Matt turns to say something to Paula’s mum and Timmy chooses that moment to leap without warning from Matt’s arms into hers, with absolute confidence his mother will catch him, which she does.
—
Later, at the wedding reception, speeches and toasts done, Matt on the dance floor with Willow, Timmy asleep in his stroller, Paula chats to a random cousin of the groom who is starting her own personally customized jewelry business.
“My clairvoyant says it’s a good idea,” she says as she shows Paula photos of her (dreadful) creations on her phone. “I never make a significant life decision without first consulting her.”
Well, Paula is on her second glass of champagne and she doesn’t drink much these days. She’s out of practice. Her head is happily swimming and it is physically impossible not to share the story of what happened on the plane.
The random cousin listens. She purses her lips.
“You think I should be worried?” asks Paula.
“Well, sometimes they mean things metaphorically.”
“How do you metaphorically drown?”
The cousin doesn’t know.
And then it turns out that the person on the other side of Paula has been eavesdropping the whole time and next thing everyone at the table is weighing in on the story, and regrettably, Matt first learns of the prediction when a drunken bridesmaid throws her arms around him (hussy) and tells him she is so, so sorry about Timmy.
He is justifiably annoyed that Paula hasn’t told him this story earlier and that so many other people know before him. She doesn’t have a good answer.
Matt wants to know why Paula was talking to this lady in the first place.
“I wasn’t talking to her!” says Paula. “I told her I didn’t want my fortune told.”
“So you were talking to her.” He is a lawyer too. When they argue they look for holes.
Paula tries to explain that it happened so fast, she was trapped in her seat, what was she meant to do?

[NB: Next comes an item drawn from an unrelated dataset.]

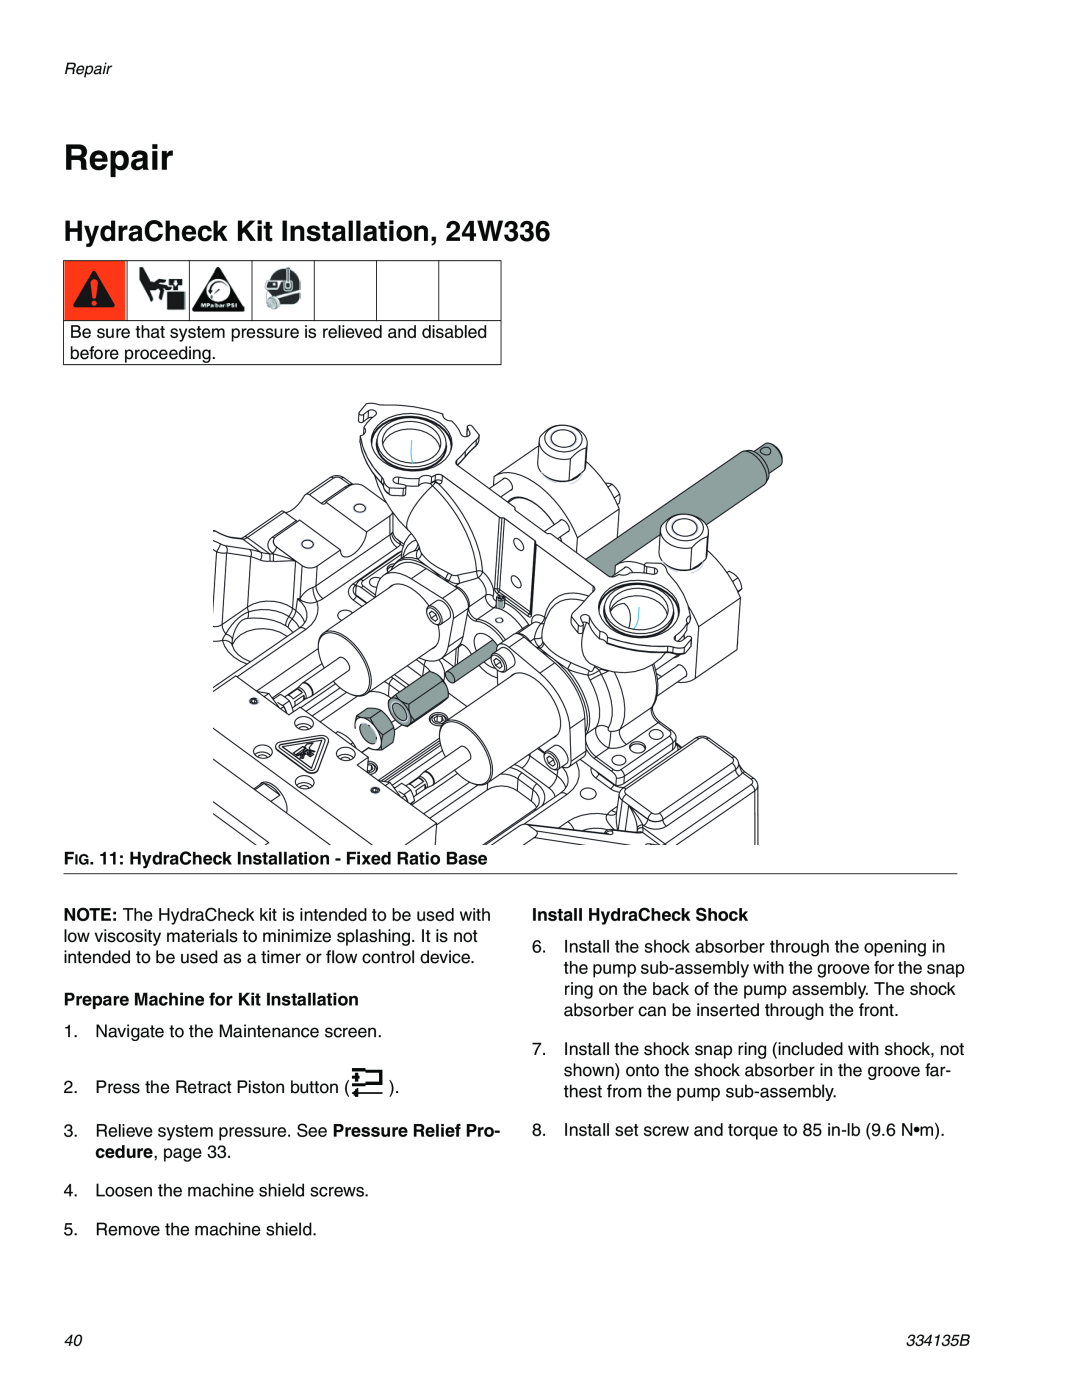 Graco 334135B Repair, HydraCheck Kit Installation, 24W336, HydraCheck Installation - Fixed Ratio Base 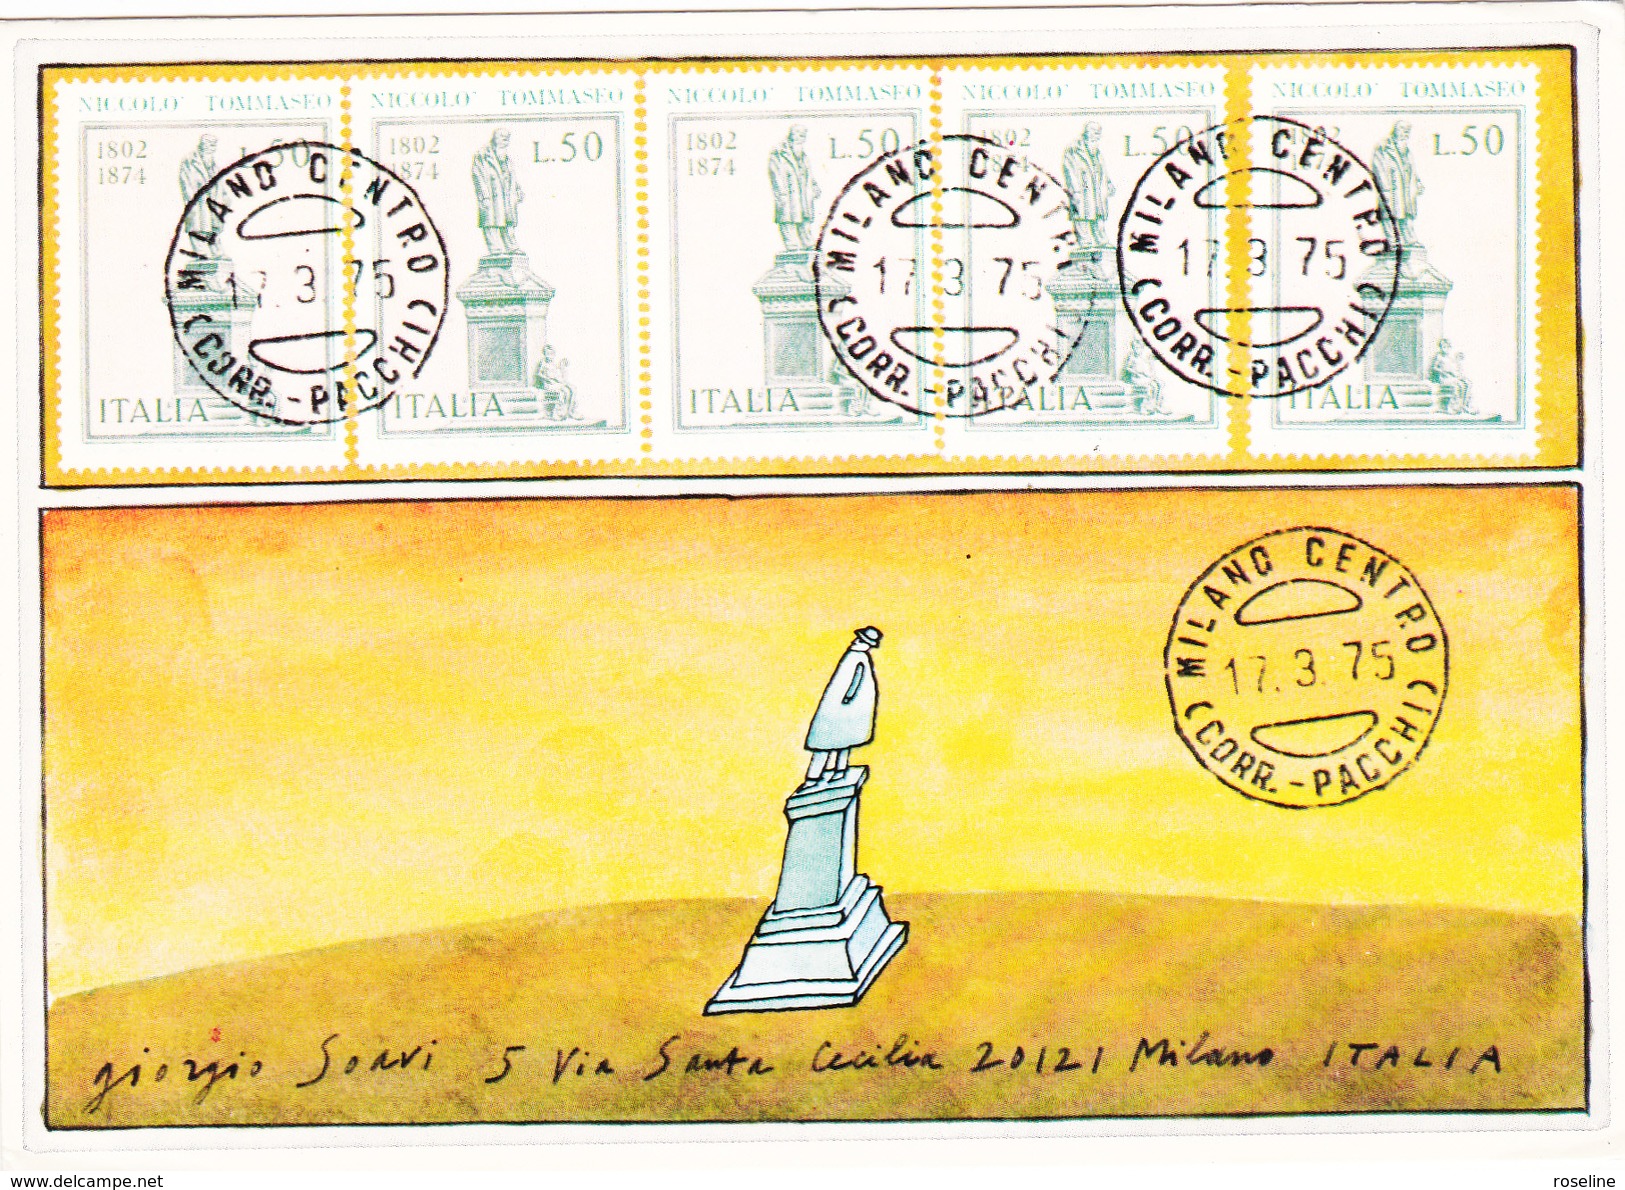 FOLON  Ed Alice  -  Enveloppe Pour Giorgio Soavi  17 Mars 1975  - CPM  10,5x15  BE  Neuve - Folon

“Where were the flight attendants?” asks Matt.
“Well, where were you ?” says Paula, which doesn’t even make sense because it had always been agreed that she would go ahead to Sydney a week before the wedding so there would be time if Willow’s dress needed alterations.
“Anyway, it’s nothing to worry about,” says Matt, already snapping out of his bad mood. He is good at that. “We shouldn’t…make a thing of it.”
“I’m not.” Irritation swells. He means “you” shouldn’t make a thing of it.
“What’s this nonsense I hear about Timmy?” It’s her dad. Bushy gray eyebrows forming a V shape.
Paula sees herself, at seventeen, holding the sharpest kitchen knife to his neck in a sweat-slicked hand, while the spaghetti sauce simmered on the stove.
“Bit closer,” said her dad.
“Trust the science,” said her mum.
“My turn next,” said her sister.
Just another wholesome family memory.